Reporting on the liberation of Paris, she captured the city in ruins; she became one of the first photographers to use the now common idea of shooting high fashion among ruins.
In Munich on April 30, 1945, she and Jewish Life photographer Scherman were among the first to gain access to Hitler’s apartment. They set up a shot in the bathroom; Miller in the bath, with a propaganda photograph of the Fuhrer perched on the edge: it has since been described as one of the most controversial photographs of the 20th century.
The key thing is the muddy boots – that morning Miller had worn them around the hell that was Dachau concentration camp, Penrose says. “And now she is stamping the filth, the degradation, the horror of that place, she’s stamping that into Hitler’s nice, clean bath. And that proves that she’s not sitting there as a guest in his house – she’s actually a victor and it’s like she’s metaphorically grinding her heel into his face. What she and Scherman had no way of knowing was that at 4.45 that afternoon … in Berlin, Hitler and Eva Braun killed themselves.”
Some of Miller’s photographs of the concentration camps were not published in Britain and will hang in a separate room at the Heide show. “She was very upset that British Vogue didn’t run them,” Penrose says. The magazine’s editor, Audrey Withers, told him that they felt readers had endured too much suffering. “Lee was so disappointed by that because she wanted people to know what had happened because … that is probably the best defence against it happening again.”
Portrait of Space, Al Bulwayeb, near Siwa, Egypt 1937 by Lee Miller Credit: ©Lee Miller Archives England 2023
For Morgan, choosing a favourite Miller photograph is tricky. She loves the powerful and multi-layered Portrait of Space, which inspired Rene Magritte’s 1951 painting Le Baiser.

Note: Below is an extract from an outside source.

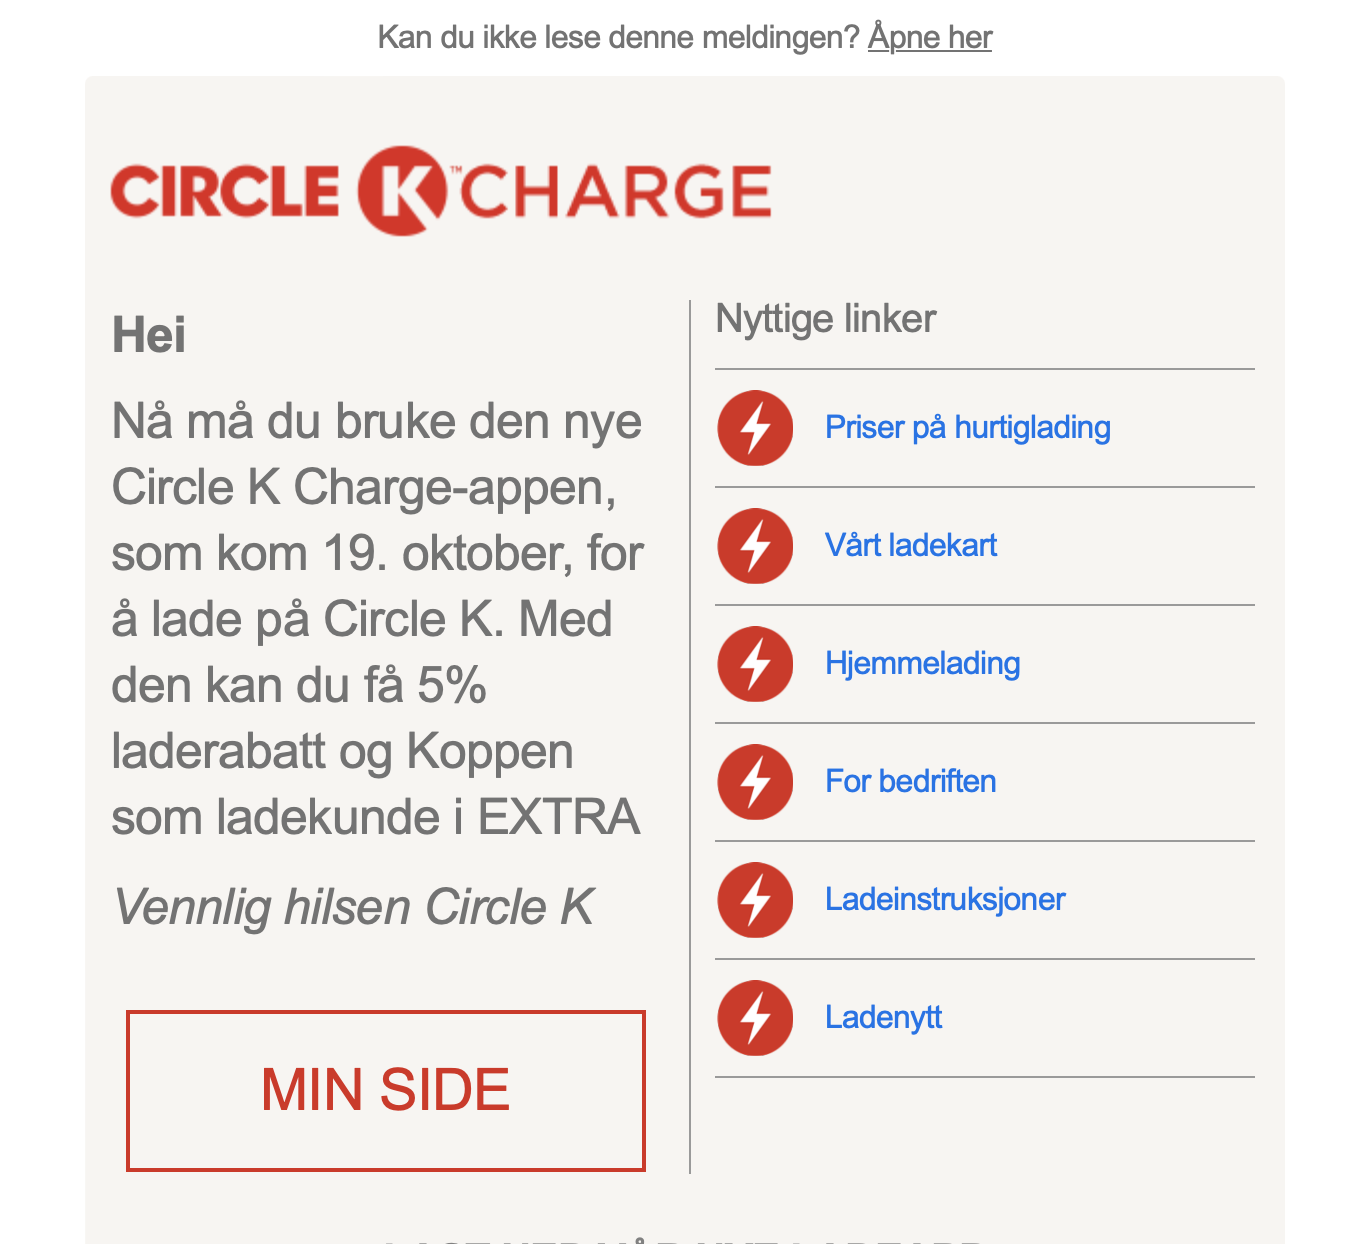 Porsche Taycan Norway: Charging at Circle K & New App Screenshot 2022-12-13 at 13.36.04

It was shot towards the end of her time in Egypt, where she was living with her first husband, Aziz Eloui Bey.
It’s also one of Penrose’s favourites. “I think it’s a symbol of her longing for freedom because she was feeling very constrained at that time,” he says. “You can kind of get the feel of bursting through the flyscreen and tearing off down that desert road … And the little portrait frame, that’s the portrait of space. And that space is her gift to us, for us to populate with whatever dreams and imaginings we want to.”
Remington Silent, an image of a typewriter “smashed to smithereens”, is another highlight for Morgan. Shot during the Blitz in London, the photo documents the damage wrought by war but is also a play on the Remington Noiseless, a high-tech typewriter released before the war.
“And of course, here, it’s been rendered completely silent,” says Morgan. “She’s found that sense of the marvellous and the wonder in the everyday, but it’s also combined with the horror of war. It encapsulates her really incisive instinct to look at the ordinary and to find something extraordinary in it.”
Surrealist Lee Miller is at Heide from November 4 to February 25, 2024.